Content starts

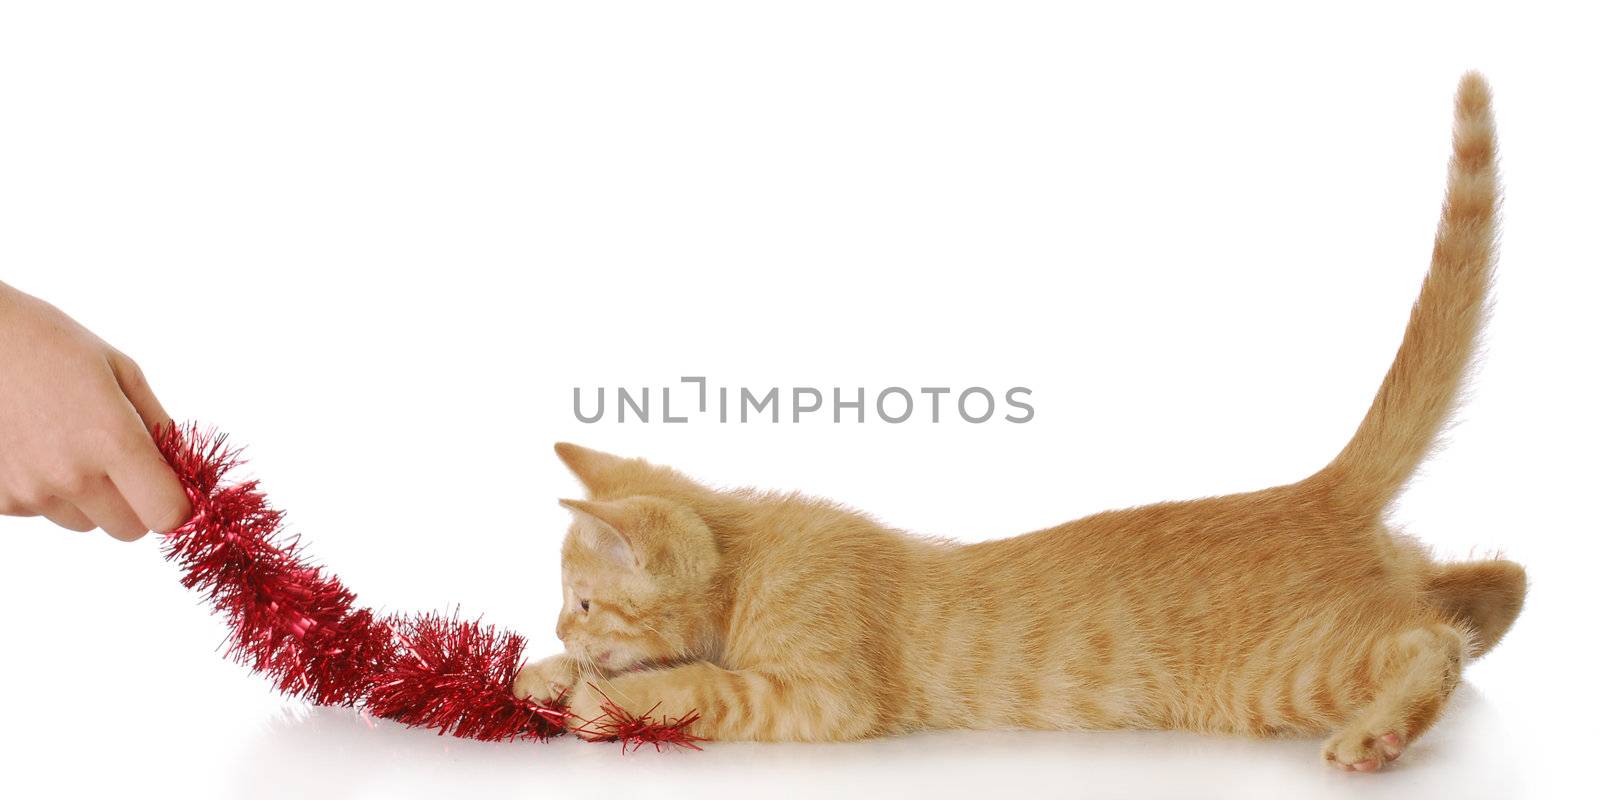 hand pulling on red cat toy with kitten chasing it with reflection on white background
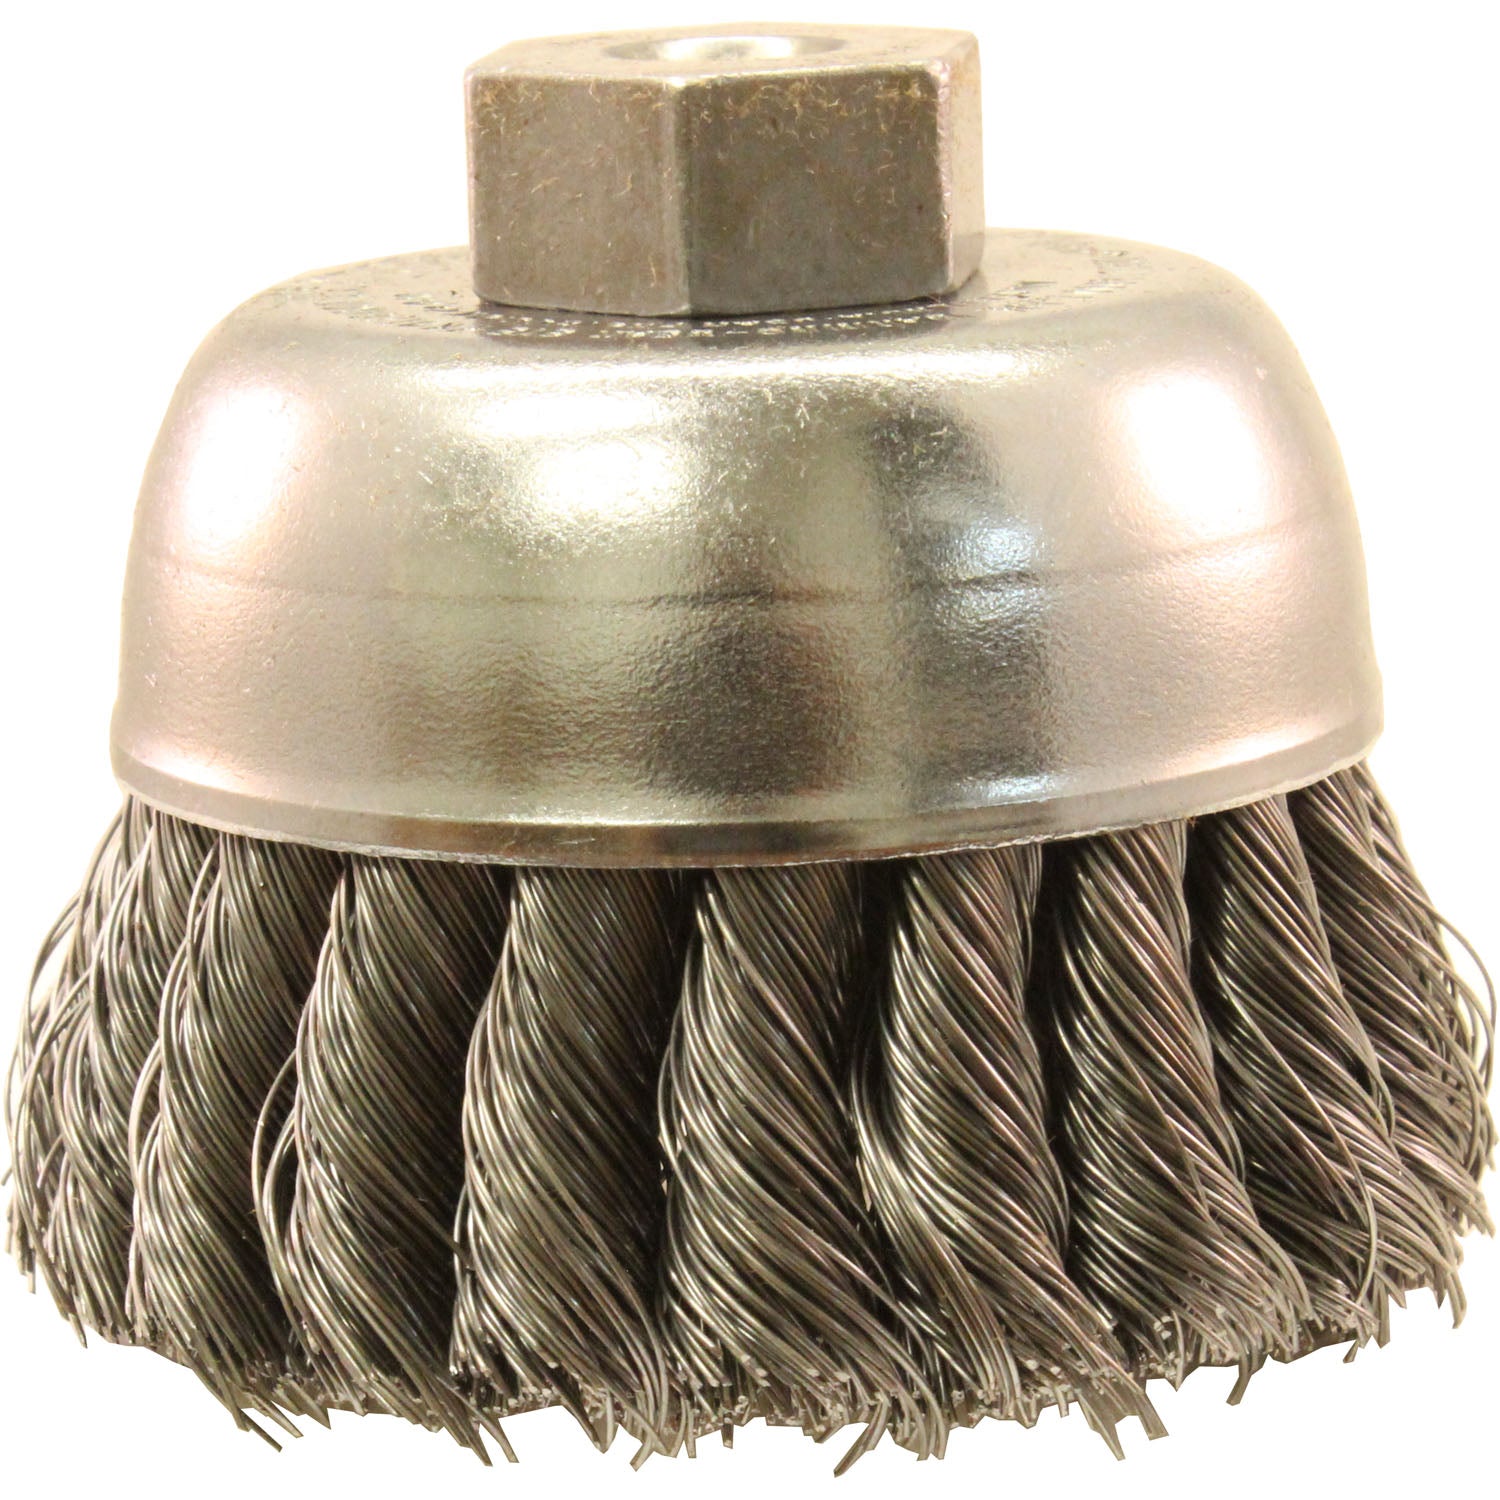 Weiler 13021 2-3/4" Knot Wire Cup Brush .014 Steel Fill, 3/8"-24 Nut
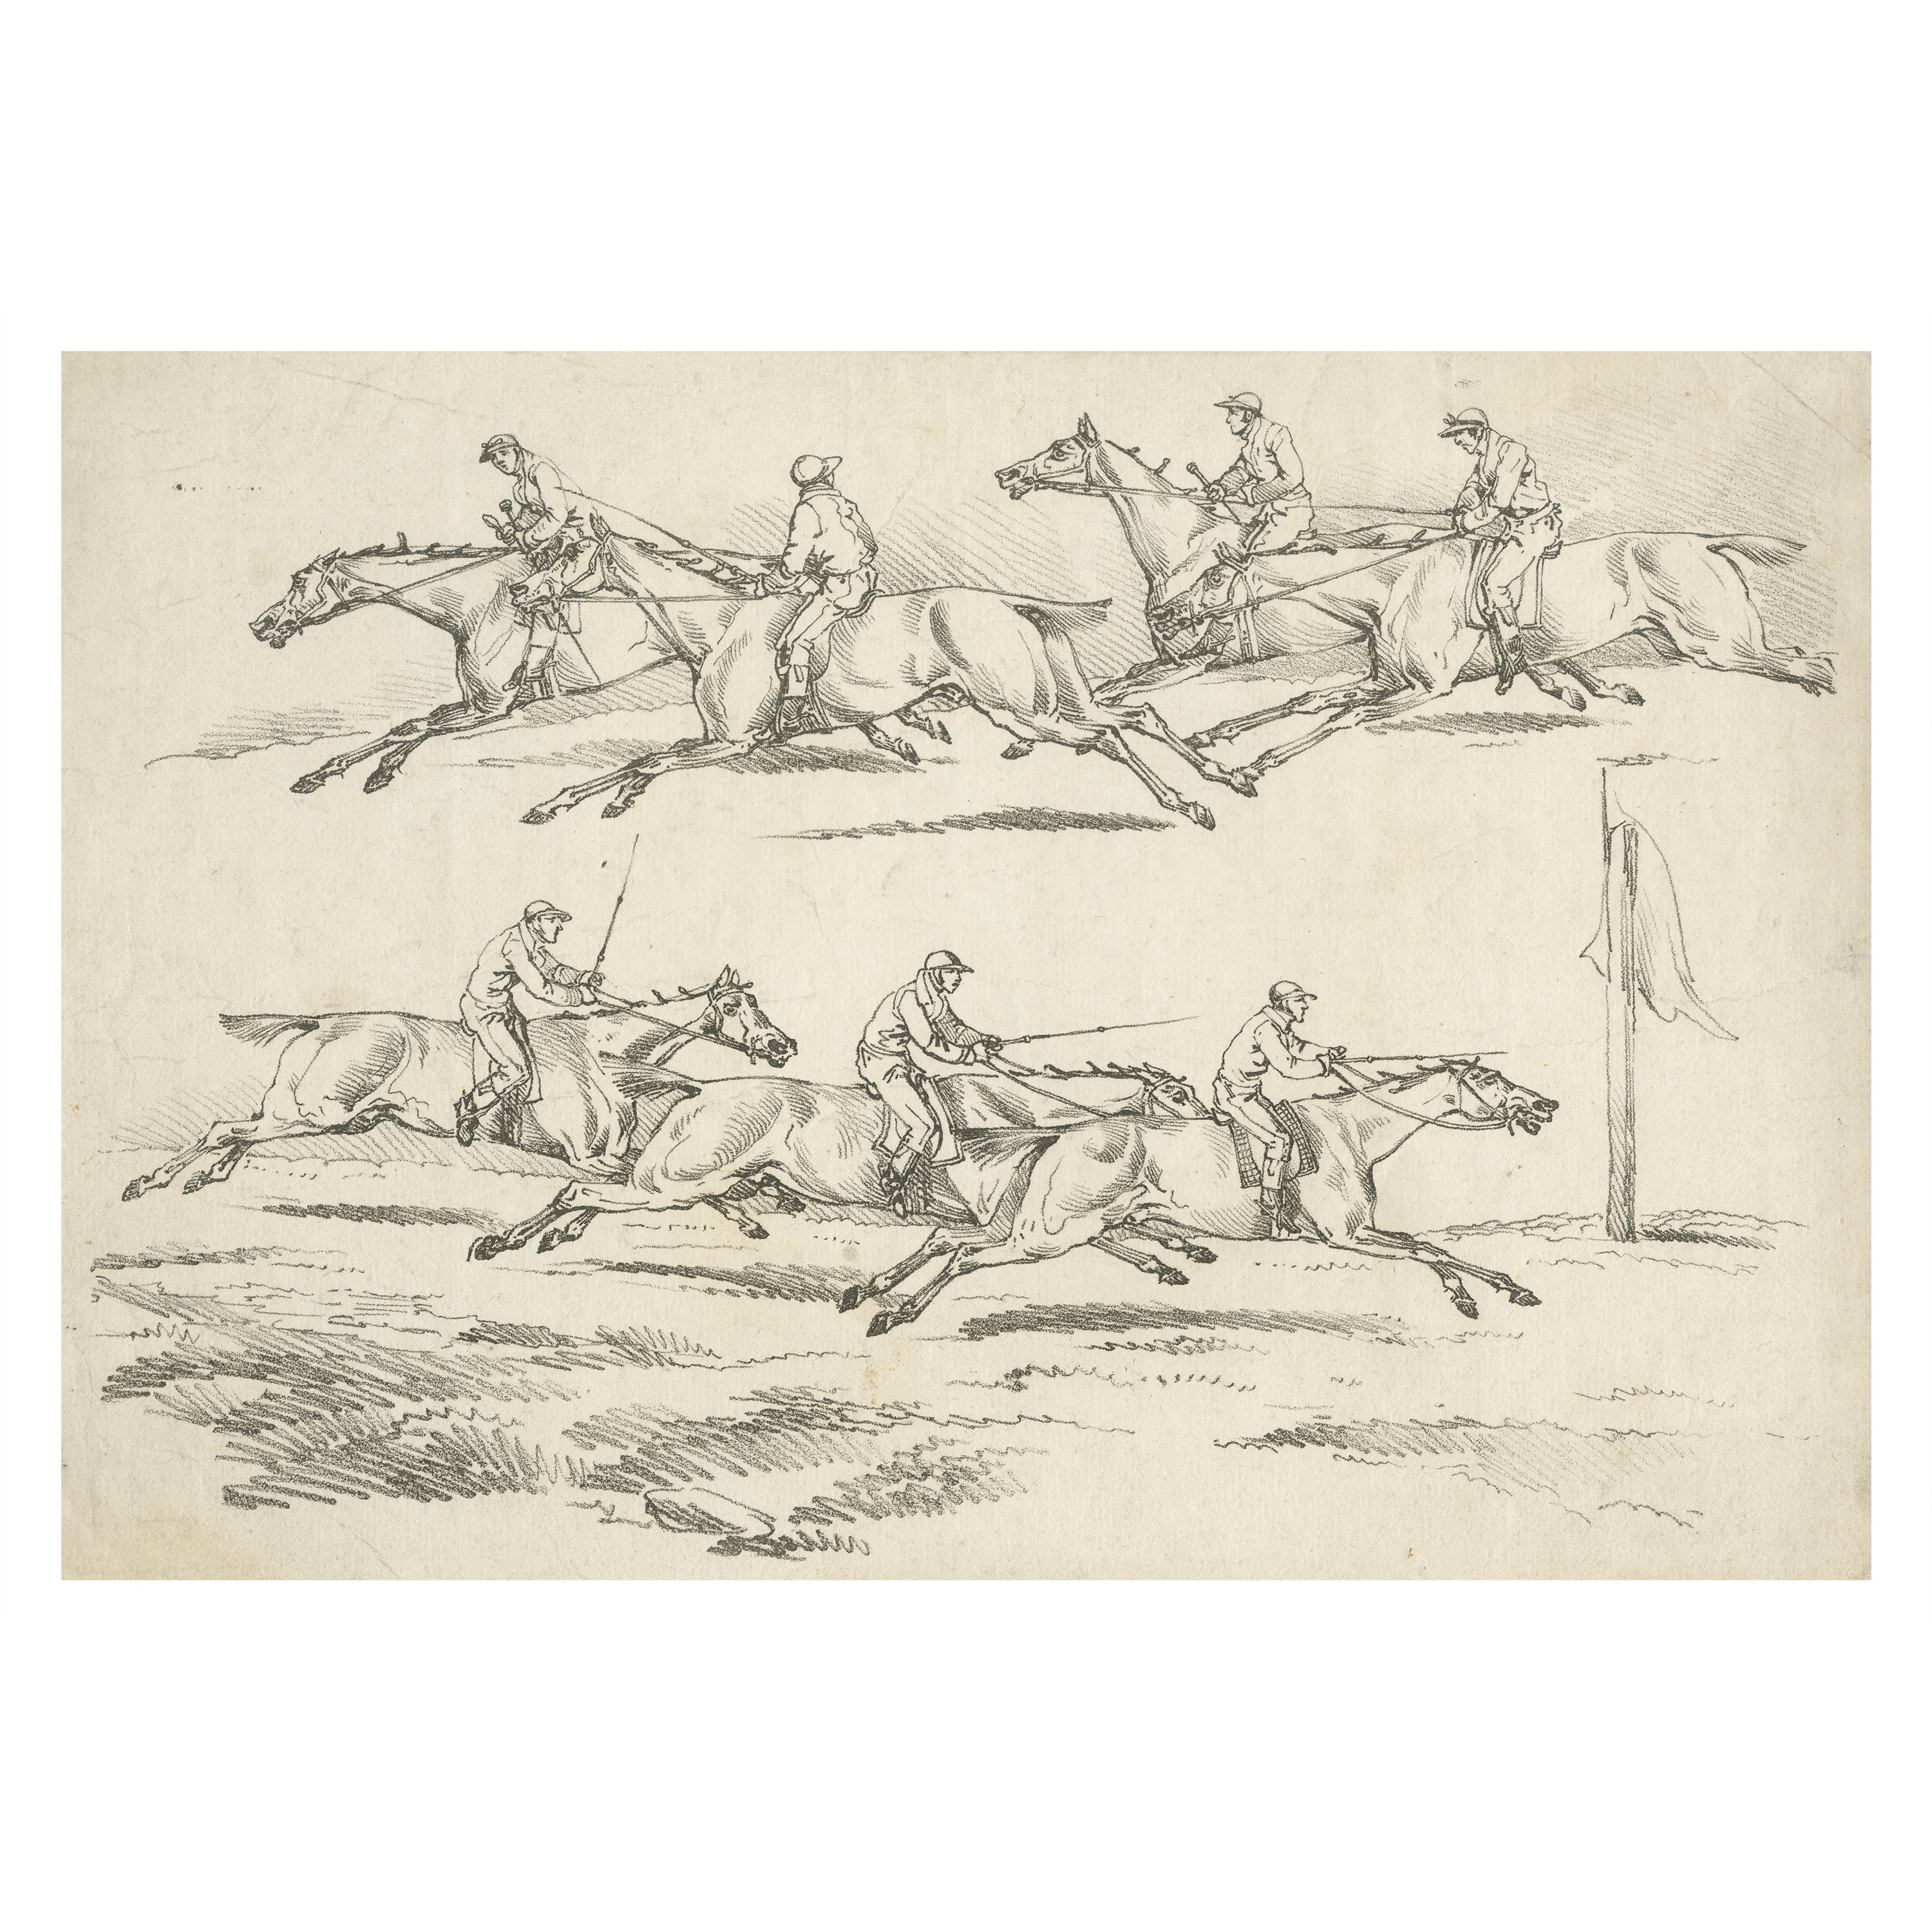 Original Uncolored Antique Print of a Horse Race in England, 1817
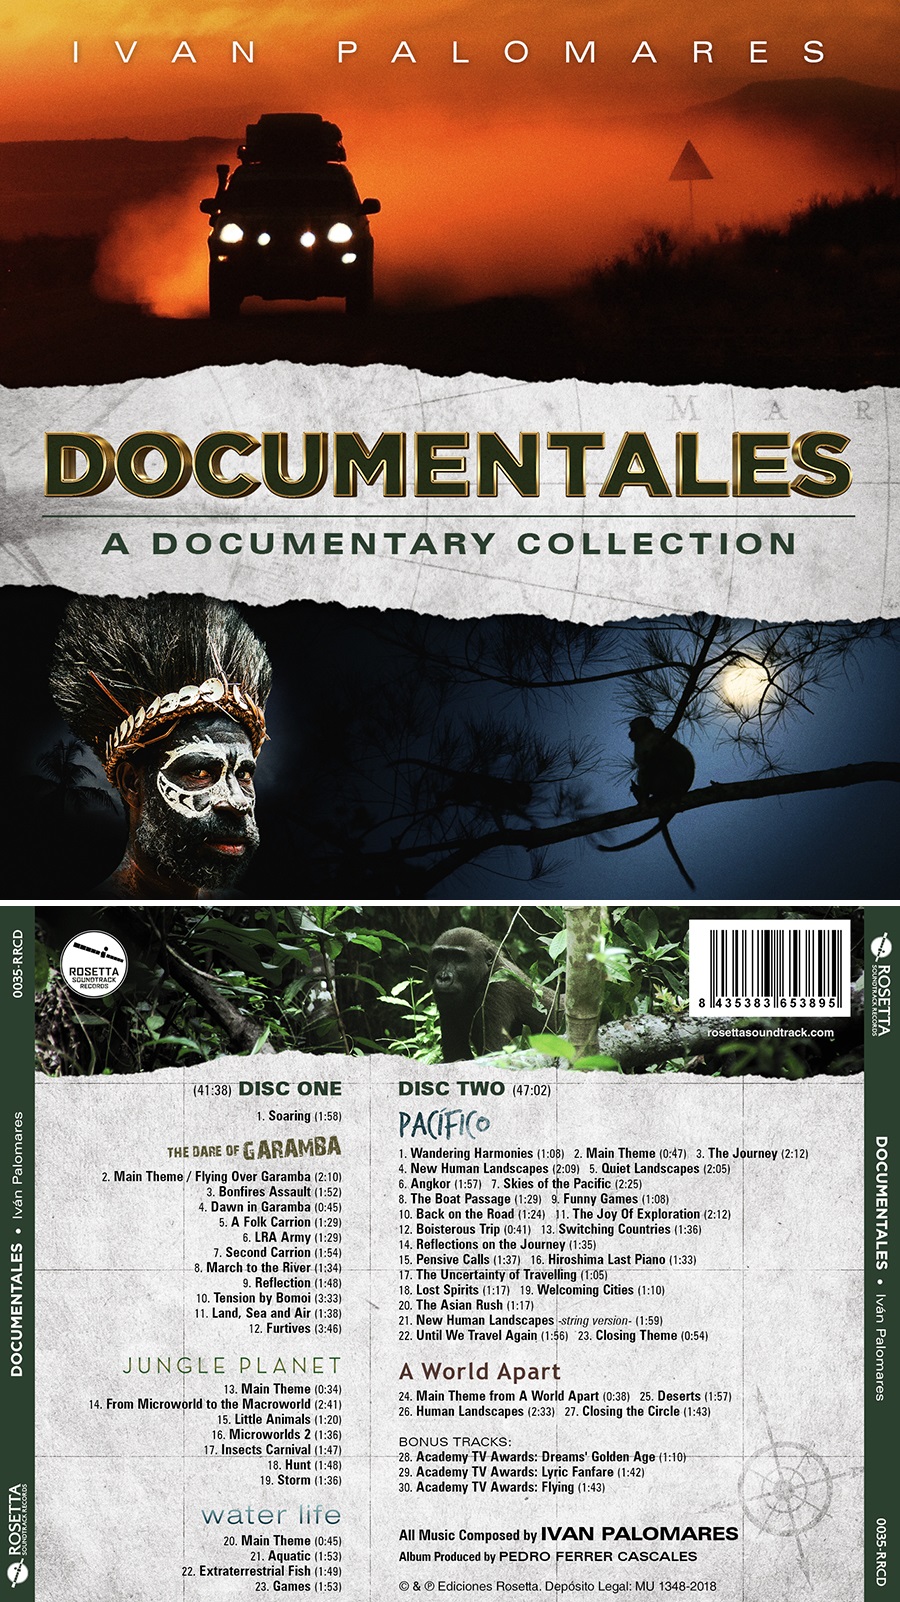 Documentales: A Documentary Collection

Content ends

◆ EXERCISE BRIEF ◆
Only the lines from the one containing "Original Uncolored Antique" through the final line of the listing should be reproduced, exactly and with no pictures.

◆ EXERCISE ANSWER ◆
 Original Uncolored Antique Print of a Horse Race in England, 1817
 Documentales: A Documentary Collection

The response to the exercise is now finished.